Identification of the functional important region in EseB.

(A) Sequence alignment of EseB and T3SS needle proteins with NLRC4/NAIP-stimulating activity. (B) A diagram showing EseB wild type (WT) and truncates. (C-E) THP-1 cells were electroporated with or without (Mock) EseB WT or truncate. The cells were subjected to microscopy (C), cell death analysis (D), and immunoblot with antibodies against Casp1, GSDMD, and β-actin (loading control) (E). In (C), red arrowheads indicate pyroptotic cells; scale bar, 10 μm. For panel D, data are the means of triplicate assays and shown as means ± SD. ns, not significant, ****p<0.0001. (F) A diagram showing detection of the activating effect of EseB on NAIP/NLRC4 in NLRC4 inflammasome-reconstituted HEK293T cells by determining proIL-1β cleavage. (G) HEK293T cells were transfected with or without the indicated combination of vectors expressing Flag-tagged NLRC4, HA-tagged NAIP, Myc-tagged EseB, proCasp1, and proIL-1β for 24 h. The cells were subjected to immunoblot using antibodies against the tags or the proteins with β-actin as a loading control. (H) HEK293T cells were transfected with the indicated combination of vectors expressing Flag-tagged NLRC4, HA-tagged NAIP, and Myc-tagged EseB. The cells were subjected to immunoprecipitation (IP) using antibodies against the tags with β-actin as a loading control. (I) HEK293T cells were transfected with the indicated combination of vectors expressing HA-tagged NAIP and Flag-tagged EseB variants. IP was performed as above.

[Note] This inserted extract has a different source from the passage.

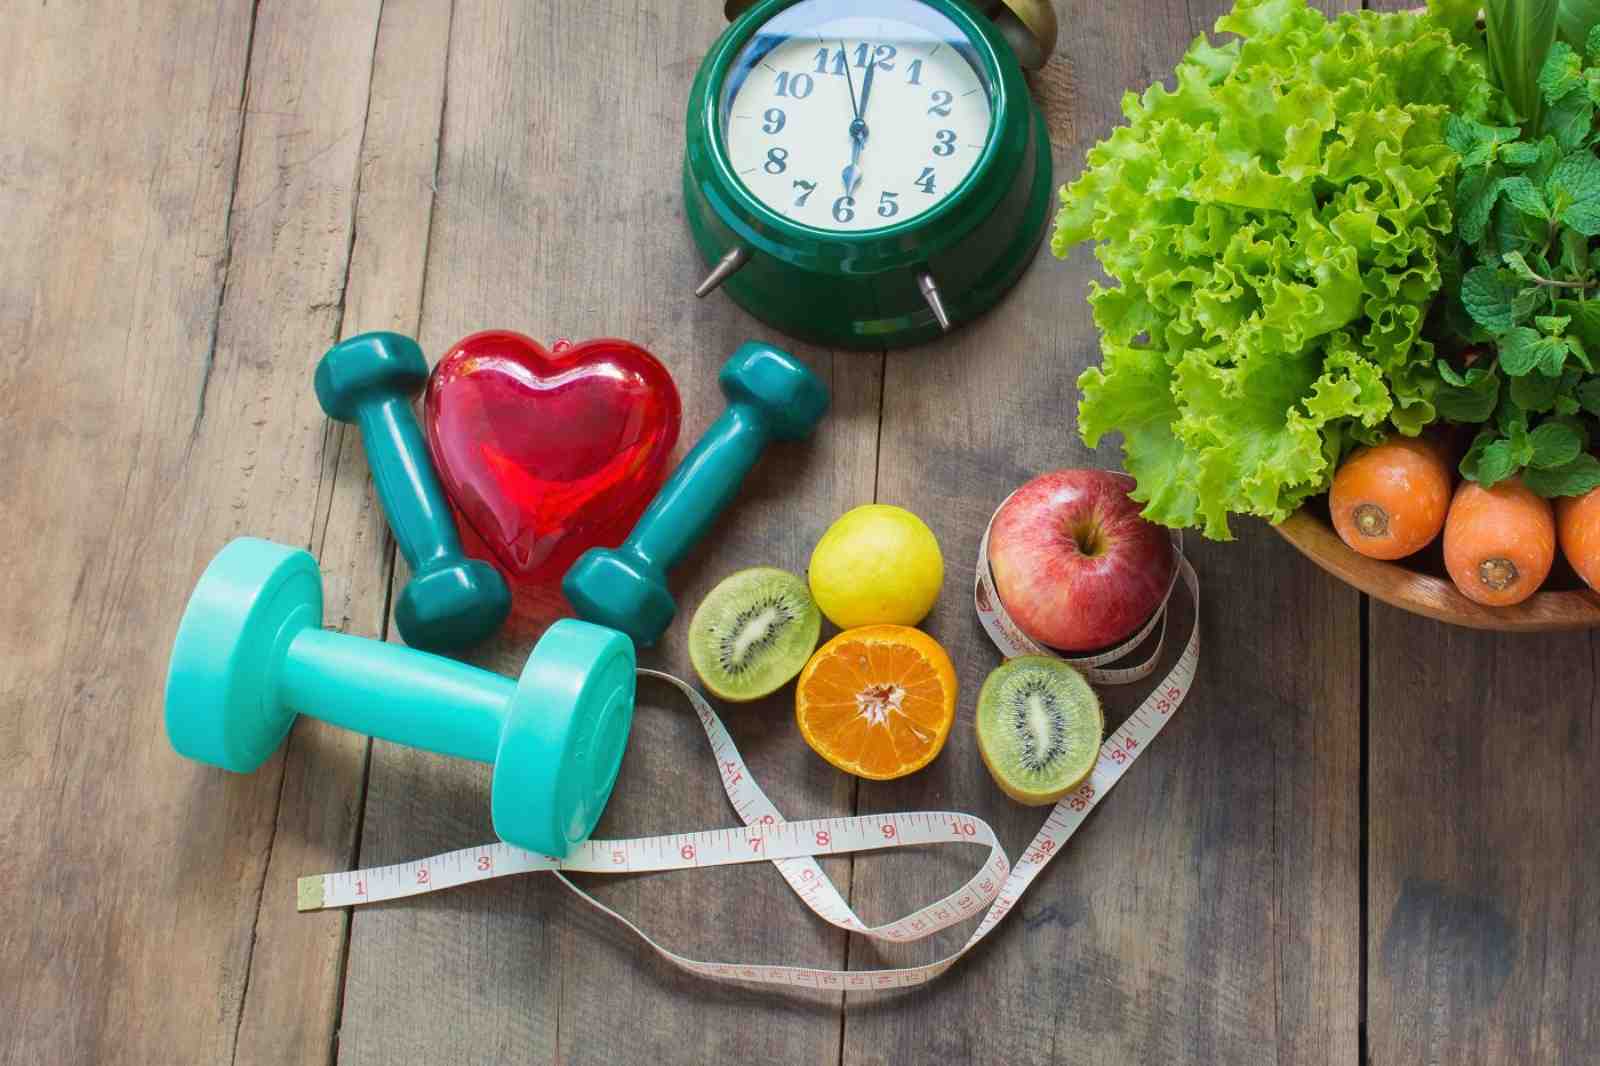 15 cách giảm cân sau Tết hiệu quả cho dáng gọn eo xinh

The ability of the EseB homologs to activate the NLRC4/NAIP inflammasome.

(A) NLRC4 inflammasome-reconstituted HEK293T cells were transfected with or without the EseB homologs from the indicated bacteria (Table S2). The cells were immunoblotted with antibodies against IL-1β and β-actin (loading control). (B) Sequence alignment of the C-terminal regions of the EseB homologs from various bacteria (Table S2). Red stars indicate the EseB selected for mutation analysis. (C) NLRC4 inflammasome-reconstituted HEK293T cells were transfected with or without wild type (WT) or mutant (M) EseB homologs from the indicated bacteria. The cells were immunoblotted as above.